Amazon Web Services today announced the availability of dedicated compute instances within a VPC:
Dedicated Instances are Amazon EC2 instances launched within your Amazon Virtual Private Cloud (Amazon VPC) that run hardware dedicated to a single customer. Dedicated Instances let you take full advantage of the benefits of Amazon VPC and the AWS cloud – on-demand elastic provisioning, pay only for what you use, and a private, isolated virtual network, all while ensuring that your Amazon EC2 compute instances will be isolated at the hardware level.
Of course, the humor here is that Amazon didn’t explain which hardware it was referring to. As Chris Hoff of Cisco writes in his Rational Survivability blog, Amazon isn’t isolating network or storage layers, which at first blush leaves the new offering open to criticism that it’s hardly more isolated than a normal AMI. This is true. But the bigger question is what you are comparing Amazon’s new offering to? If you compare it to an enterprise server in a private data center, it’s clearly less secure (unless you applied cloud specific security and encryption tools perhaps). But if you compare it to existing hosting offering, it’s no less secure than enterprise grade hosting has been for a decade.
Shared networks? Layer 3 VLANs have been used for network separation in large hosting environments since right after they were invented. That didn’t stop the most paranoid of the first wave of enterprise co-location customers from insisting on physical switches to separate each tier of their environment even though VLANs were safe. In HA architectures, their paranoid stance probably quadrupled the opex and capex of their networks.
Shared storage? Anyone remember SNI, a shared data-center storage company that went public in 2000 before it went bankrupt, along with most of its dozen other competitors? Some co-lo customers used it and saved money, and the more paranoid bought their own EMC gear.

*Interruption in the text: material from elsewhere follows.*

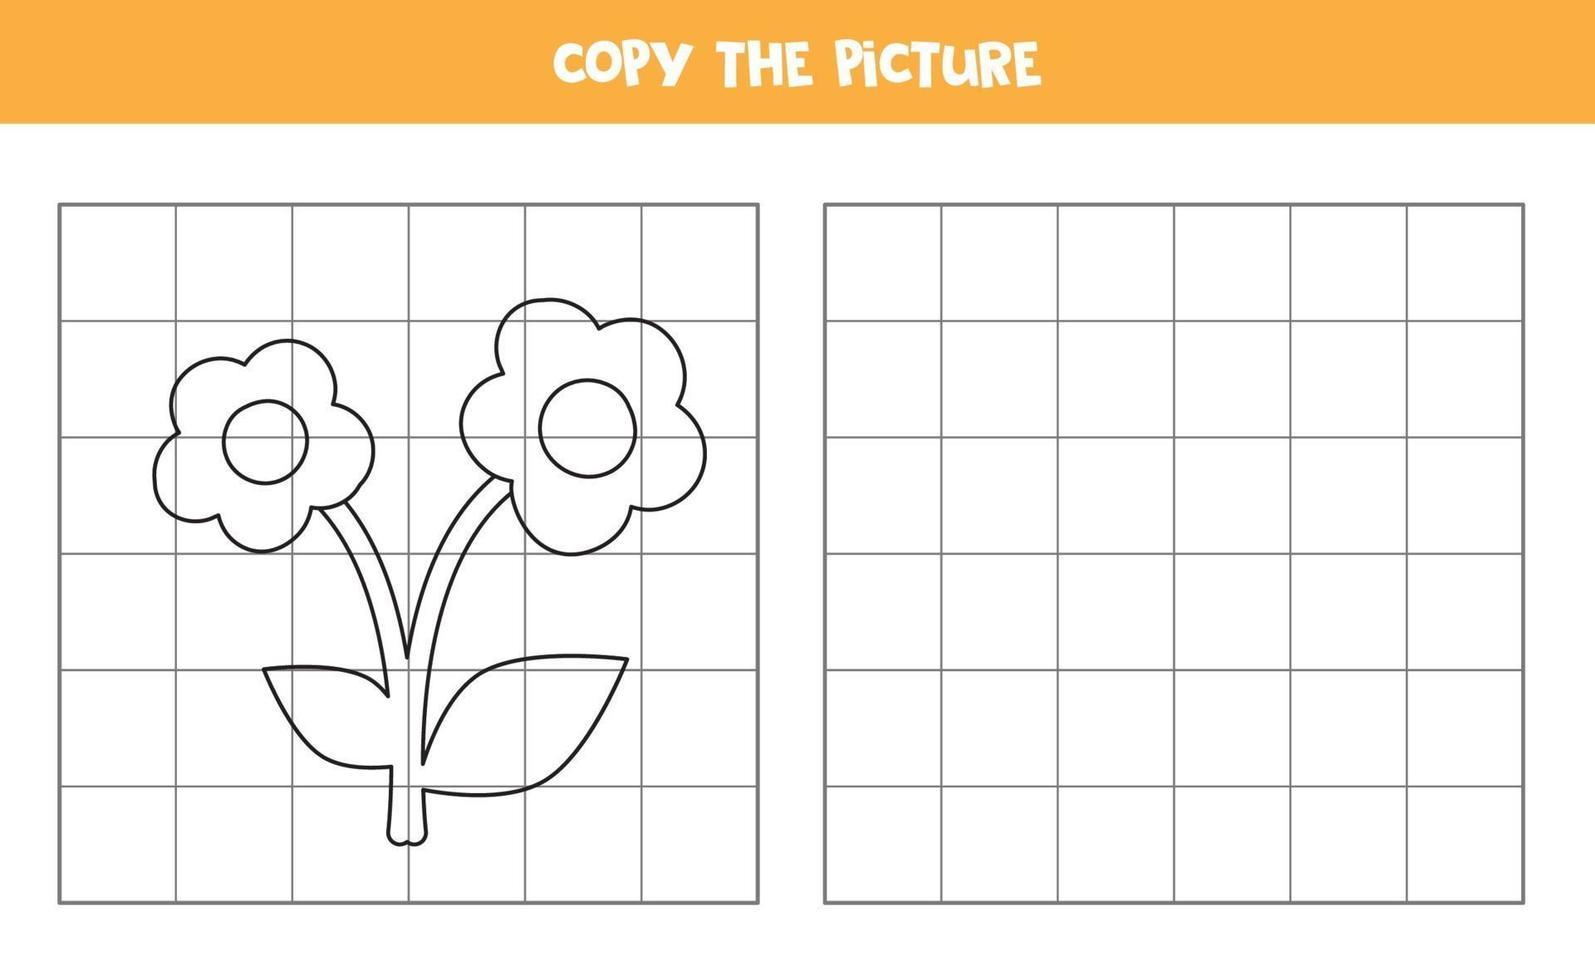 copia l'immagine. fiore di cartone animato. gioco logico per bambini. vettore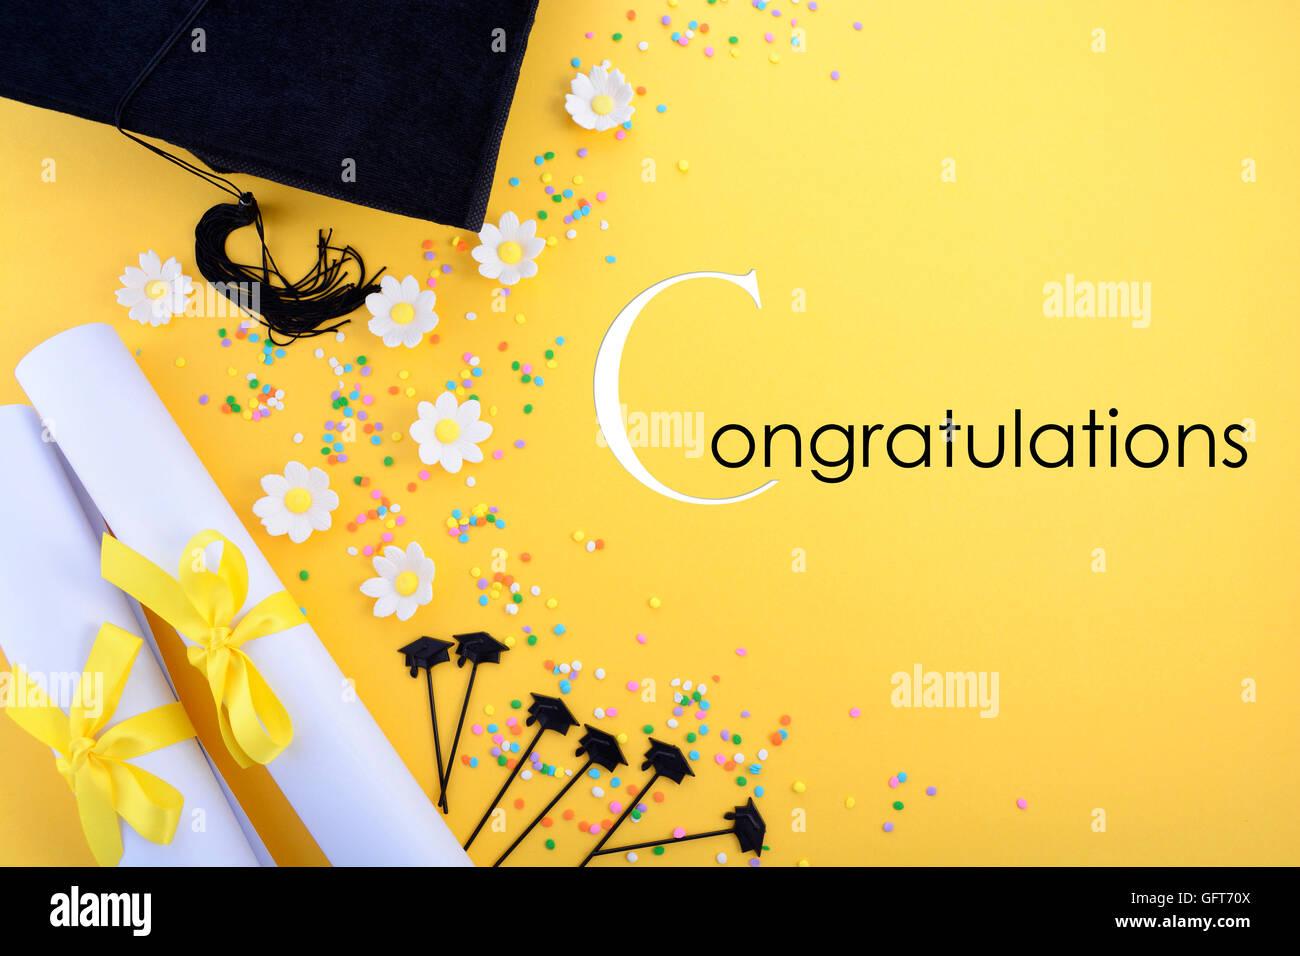 Gelb-schwarz / weiß-Thema Graduierung mit verzierten Rahmen auf ...

That’s why criticism about shared infrastructure in Amazon’s new dedicated compute instances will fall mostly on deaf ears. Networks and storage have been shared for longer than cloud-style compute cycles have been.
It also doesn’t look like this is a defensive move on Amazon’s part. Just about every cloud evangelist, including myself, has pointed out in the last year that it’s harder to be compliant with security standards on Amazon than on some other cloud providers like Terremark or Savvis. Amazon is evolving the service in the right direction based on market demand, and doing it blindingly fast for a company of its size.
Hosting and co-location companies spent a long time trying to figure out what to do about burstable capacity. For years the answer was to use a CDN. That worked pretty well, especially for web 1.0 sites. But as web 2.0 architectures evolved, and scaling needs became more extreme, we first saw hosting providers build their own CDNs, then we found dedicated server companies like Rackspace, OpSource, and Savvis roll out public and private cloud offerings next to their dedicated server offerings. This made a lot of sense because their customers with dedicated servers sometimes need burstable server capacity. In fact, some of them were going to Amazon for that burstable capacity, and they weren’t coming back, in spite of AWS’s shortcomings as compared to dedicated servers. Given that dynamic, it’s no surprise that Amazon is giving its customers an easier way to make AWS their permanent home rather than a place for overflow capacity.
Even better yet, this solves the bandwidth and latency problem in cloudbursting that makes hybrid clouds harder to implement. I’ve blogged about this several times, most notably here in the NY Times. When you can “burst” your traffic from a dedicated server at AWS to a shared server, or better yet another dedicated server provisioned on the fly, you can simply ignore inter-cloud latency as a performance barrier. That’s what’s really cool about the new AWS dedicated compute instance.
Providers with co-lo and dedicated server offerings like Rackspace, Savvis, Terremark, and others like Opsource are going to feel increased competition from AWS’ dedicated compute, although in a surprising twist it seems like the AWS offering is more expensive. Perhaps it ought to be, given the seamless interoperability between AWS’ dedicated and burstable instances, especially compared to most 1st generation providers which lack seamless integration between dedicated and burstable offerings.